Debugging RuntimeError: cholesky_cpu: For batch 2: U(77,77) is zero, singular U.
See original GitHub issueThis is an issue related to https://github.com/facebook/Ax/issues/228, https://github.com/facebook/Ax/issues/99, https://github.com/facebook/Ax/issues/308 and maybe some others as welll, but I’m more interested in two things:
- Is there a way to debug what is causing the failure? I think it is related to the bad-conditioning on the underlying GP model, but I’m not sure how to confirm this.
- When given a set of parameters for a trial generated from the model, is there a way to sample repeatedly in the neighborhood and return a mean and variance for the trial?

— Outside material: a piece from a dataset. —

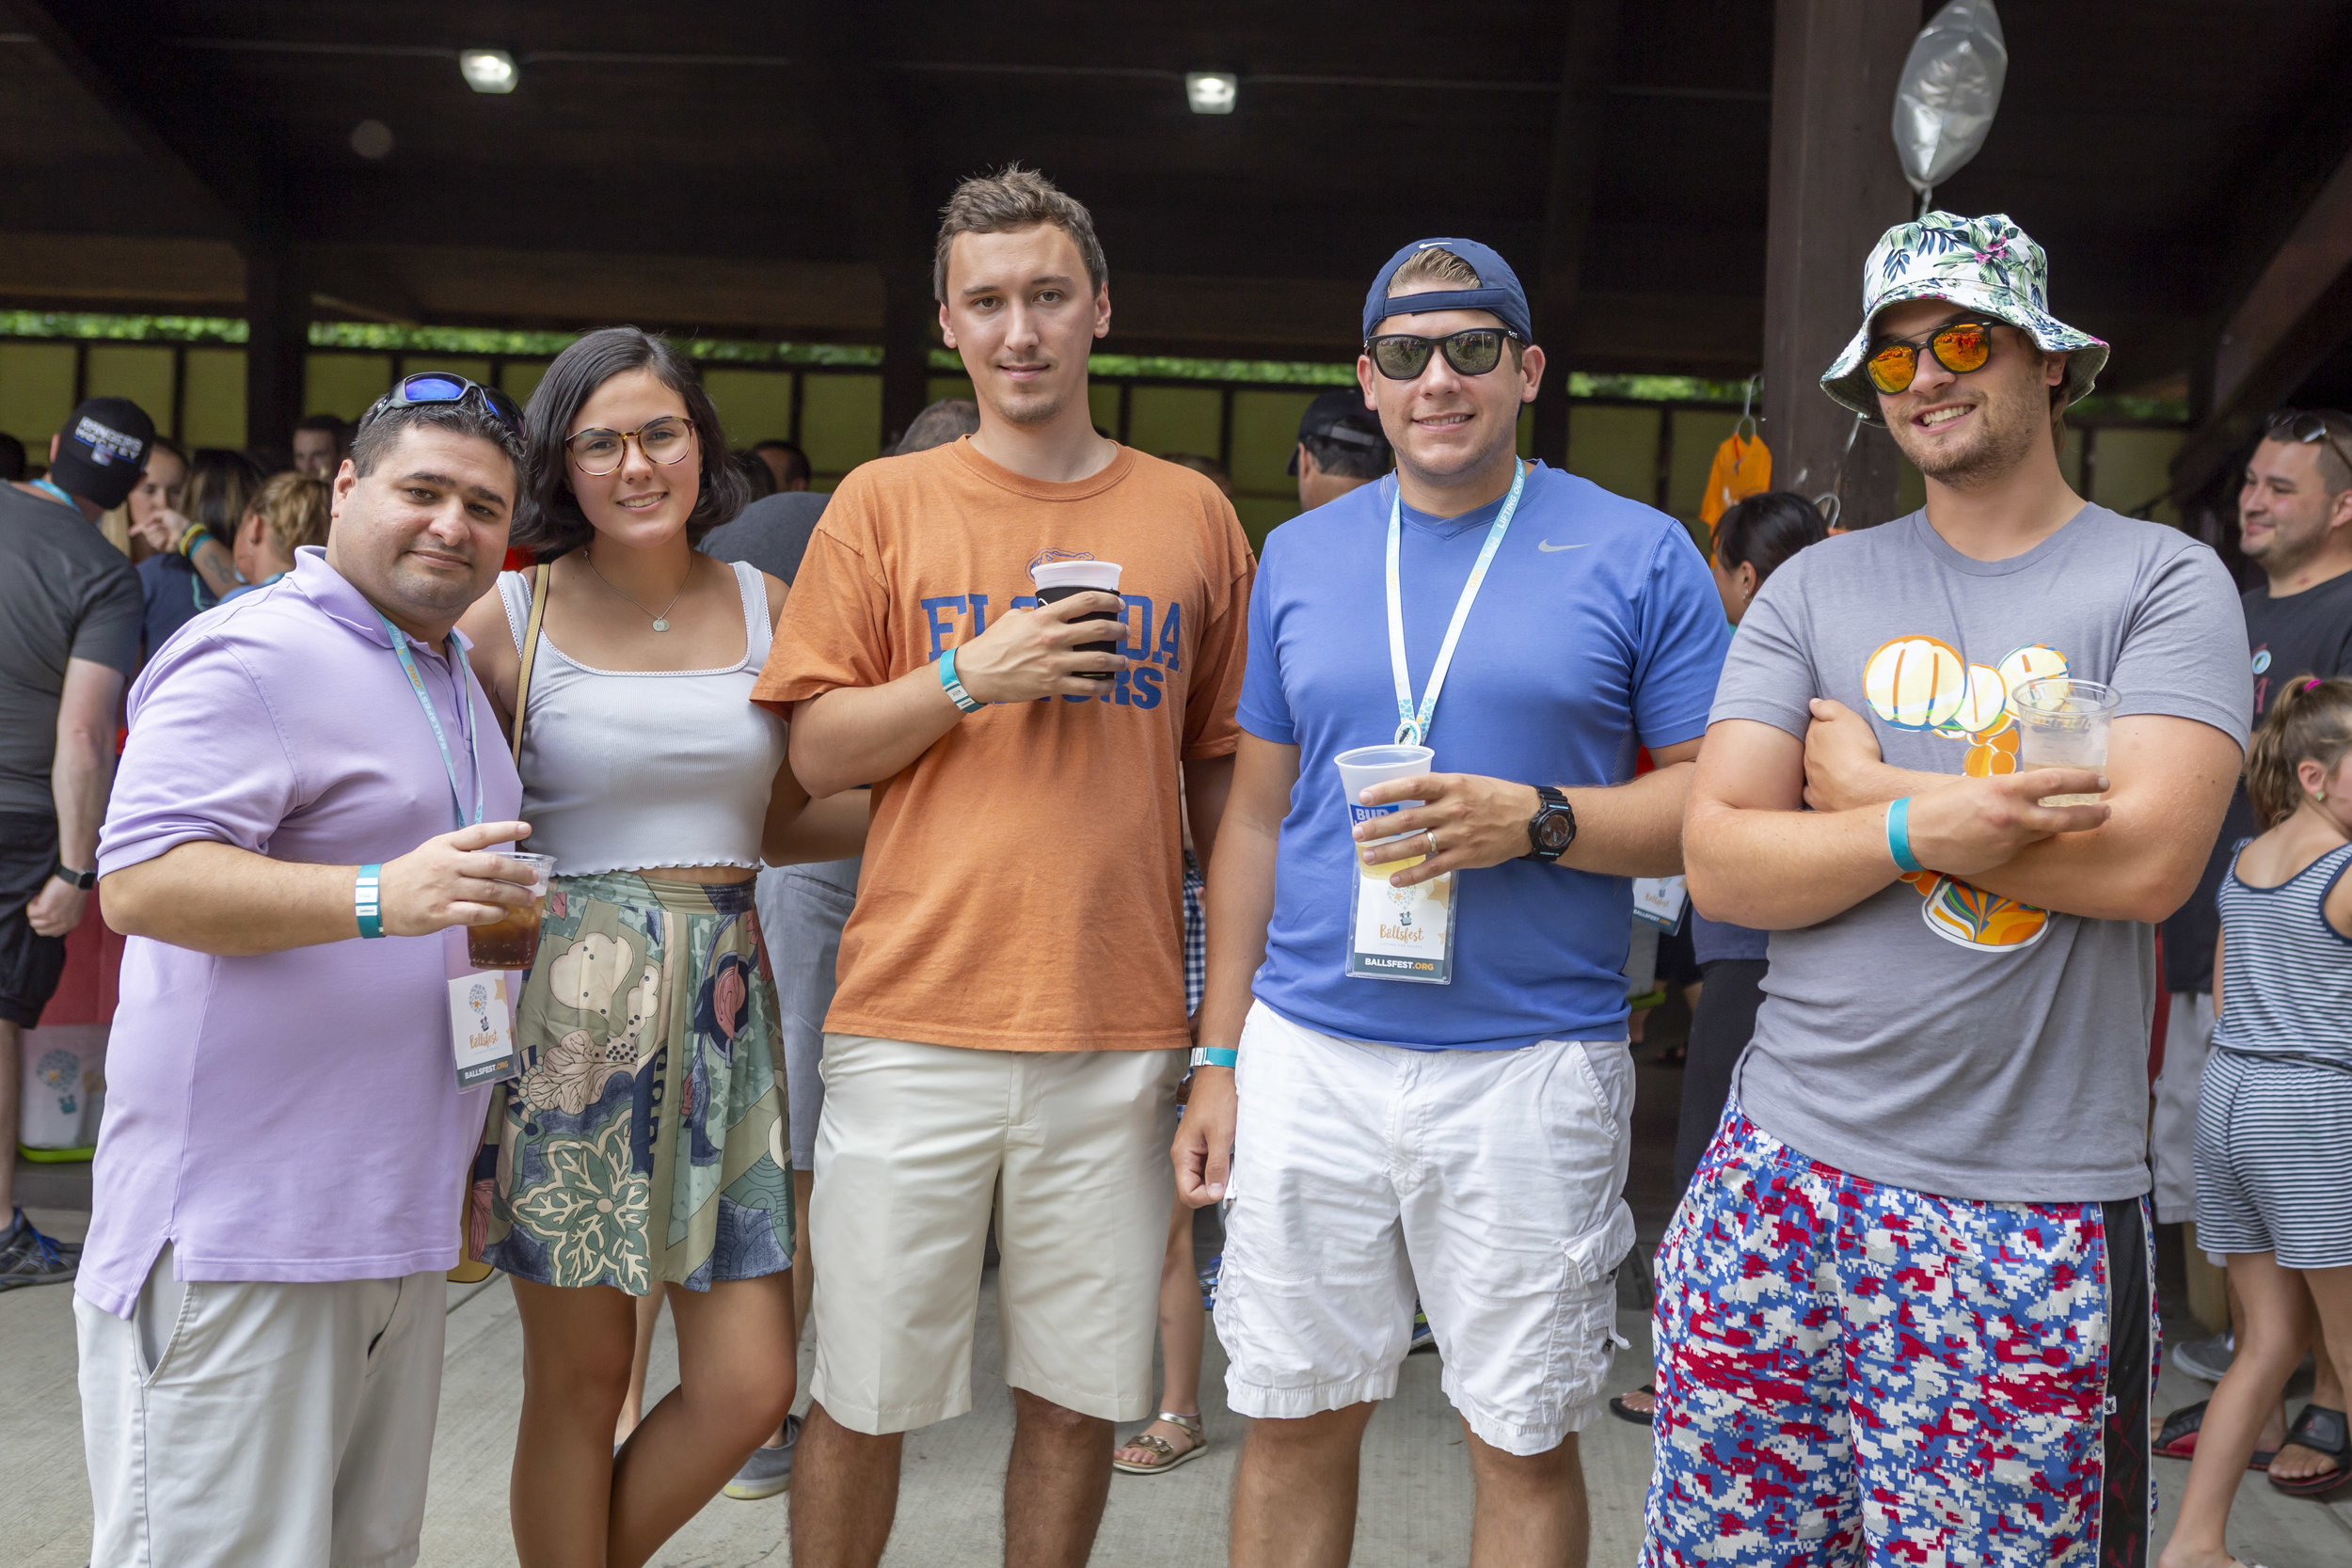 (2018.07.14) Ballsfest Saratoga Spa State Park-3747.jpg

Using the service API, my experiment is setup as follows:
ax_client.create_experiment(
name="test_dct_slpEnrg",
parameters=[
{
"name" : "w1",
"type" : "range",
"value_type" : "float",
"bounds" : [1.0e-1, 1.0e2]
},
{
"name" : "w2",
"type" : "range",
"value_type" : "float",
"bounds" : [1.0, 1.0e2]
},
{
"name" : "w3",
"type" : "range",
"value_type" : "float",
"bounds" : [1.0e-3, 1.0]
},
{
"name" : "w4",
"type" : "range",
"value_type" : "int",
"bounds" : [10, 20]
},
{
"name" : "w5",
"type" : "range",
"value_type" : "int",
"bounds" : [2, 20]
}
],
objective_name ="Tc2_slpEnrg",
minimize=True,
parameter_constraints = [ "w4 >= w5", "w2 - w1 >= 0"
],
outcome_constraints = ["slp_speed <= 3", "engn_trq >= 0.001"],
choose_generation_strategy_kwargs=
{
"num_initialization_trials" : num_init,
"winsorize_botorch_model": True,
"winsorization_limits": (0.0, 0.3)
}
)
The sampled parameters are input into an evaluation function which internally runs an optimization routine which either converges and outputs a valid Tc2_slpEnrg, slp_speed, engn_trq
value. A valid value is indicated by a slp_speed <=3
which I have also placed as an outcome_constraint
. I was unsure of how to deal with parameter values which were ‘invalid (non-convergence)’ as discussed in https://github.com/facebook/Ax/issues/372.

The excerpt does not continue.